Go through the listing below from its first line and repeat each line exactly, ending at the line containing "Gut um Pumps" and including it.

--- Supplied material ---

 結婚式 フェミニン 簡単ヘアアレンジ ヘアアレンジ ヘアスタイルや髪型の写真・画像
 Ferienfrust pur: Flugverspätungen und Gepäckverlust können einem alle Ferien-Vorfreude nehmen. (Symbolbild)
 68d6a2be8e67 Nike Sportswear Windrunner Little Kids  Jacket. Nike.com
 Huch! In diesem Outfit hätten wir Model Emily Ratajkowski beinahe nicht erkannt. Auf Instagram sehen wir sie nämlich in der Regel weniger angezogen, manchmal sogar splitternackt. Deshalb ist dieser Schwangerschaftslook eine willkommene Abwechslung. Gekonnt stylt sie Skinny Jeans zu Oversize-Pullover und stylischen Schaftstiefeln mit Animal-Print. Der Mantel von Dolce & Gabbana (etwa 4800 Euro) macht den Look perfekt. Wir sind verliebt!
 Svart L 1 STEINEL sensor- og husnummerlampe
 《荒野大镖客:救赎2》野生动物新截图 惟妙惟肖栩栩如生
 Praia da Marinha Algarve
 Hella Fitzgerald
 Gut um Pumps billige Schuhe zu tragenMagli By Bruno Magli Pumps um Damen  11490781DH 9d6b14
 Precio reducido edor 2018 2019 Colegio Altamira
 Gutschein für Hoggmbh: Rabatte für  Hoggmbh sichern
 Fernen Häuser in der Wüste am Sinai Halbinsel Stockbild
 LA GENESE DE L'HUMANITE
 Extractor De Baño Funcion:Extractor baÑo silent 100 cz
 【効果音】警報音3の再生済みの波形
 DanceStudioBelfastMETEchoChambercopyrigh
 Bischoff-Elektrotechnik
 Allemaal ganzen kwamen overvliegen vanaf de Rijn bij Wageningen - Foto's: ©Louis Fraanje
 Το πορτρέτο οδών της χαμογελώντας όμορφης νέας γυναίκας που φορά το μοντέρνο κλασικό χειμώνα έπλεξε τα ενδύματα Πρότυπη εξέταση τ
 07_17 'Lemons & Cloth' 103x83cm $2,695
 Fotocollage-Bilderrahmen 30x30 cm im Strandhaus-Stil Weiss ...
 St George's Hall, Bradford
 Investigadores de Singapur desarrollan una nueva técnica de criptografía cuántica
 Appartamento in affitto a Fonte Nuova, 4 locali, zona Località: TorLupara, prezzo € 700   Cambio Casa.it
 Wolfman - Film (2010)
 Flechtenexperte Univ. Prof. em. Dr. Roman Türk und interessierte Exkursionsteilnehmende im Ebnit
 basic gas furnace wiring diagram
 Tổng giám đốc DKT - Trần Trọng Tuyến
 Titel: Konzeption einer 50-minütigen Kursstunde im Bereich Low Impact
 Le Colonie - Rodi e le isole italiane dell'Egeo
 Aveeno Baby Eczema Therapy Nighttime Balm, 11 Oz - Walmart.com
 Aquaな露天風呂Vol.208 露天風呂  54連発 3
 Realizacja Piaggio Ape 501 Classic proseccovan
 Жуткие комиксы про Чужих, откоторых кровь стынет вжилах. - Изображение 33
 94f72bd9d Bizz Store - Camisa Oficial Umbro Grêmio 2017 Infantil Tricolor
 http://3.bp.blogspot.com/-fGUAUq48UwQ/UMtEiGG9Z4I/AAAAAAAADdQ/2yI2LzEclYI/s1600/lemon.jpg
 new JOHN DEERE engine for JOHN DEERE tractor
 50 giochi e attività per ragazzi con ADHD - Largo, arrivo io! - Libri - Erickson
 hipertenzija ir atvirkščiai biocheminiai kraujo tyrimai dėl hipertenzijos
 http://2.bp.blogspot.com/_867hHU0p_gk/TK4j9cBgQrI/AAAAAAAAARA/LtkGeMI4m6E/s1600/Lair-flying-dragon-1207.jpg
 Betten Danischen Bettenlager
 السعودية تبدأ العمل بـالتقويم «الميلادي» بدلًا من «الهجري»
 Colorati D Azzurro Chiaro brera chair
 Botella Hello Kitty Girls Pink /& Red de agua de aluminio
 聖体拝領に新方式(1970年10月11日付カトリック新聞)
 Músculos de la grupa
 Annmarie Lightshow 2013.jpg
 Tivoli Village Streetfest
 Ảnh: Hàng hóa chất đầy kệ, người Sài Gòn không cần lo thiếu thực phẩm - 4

---

▶ [Reply]:
 結婚式 フェミニン 簡単ヘアアレンジ ヘアアレンジ ヘアスタイルや髪型の写真・画像
 Ferienfrust pur: Flugverspätungen und Gepäckverlust können einem alle Ferien-Vorfreude nehmen. (Symbolbild)
 68d6a2be8e67 Nike Sportswear Windrunner Little Kids  Jacket. Nike.com
 Huch! In diesem Outfit hätten wir Model Emily Ratajkowski beinahe nicht erkannt. Auf Instagram sehen wir sie nämlich in der Regel weniger angezogen, manchmal sogar splitternackt. Deshalb ist dieser Schwangerschaftslook eine willkommene Abwechslung. Gekonnt stylt sie Skinny Jeans zu Oversize-Pullover und stylischen Schaftstiefeln mit Animal-Print. Der Mantel von Dolce & Gabbana (etwa 4800 Euro) macht den Look perfekt. Wir sind verliebt!
 Svart L 1 STEINEL sensor- og husnummerlampe
 《荒野大镖客:救赎2》野生动物新截图 惟妙惟肖栩栩如生
 Praia da Marinha Algarve
 Hella Fitzgerald
 Gut um Pumps billige Schuhe zu tragenMagli By Bruno Magli Pumps um Damen  11490781DH 9d6b14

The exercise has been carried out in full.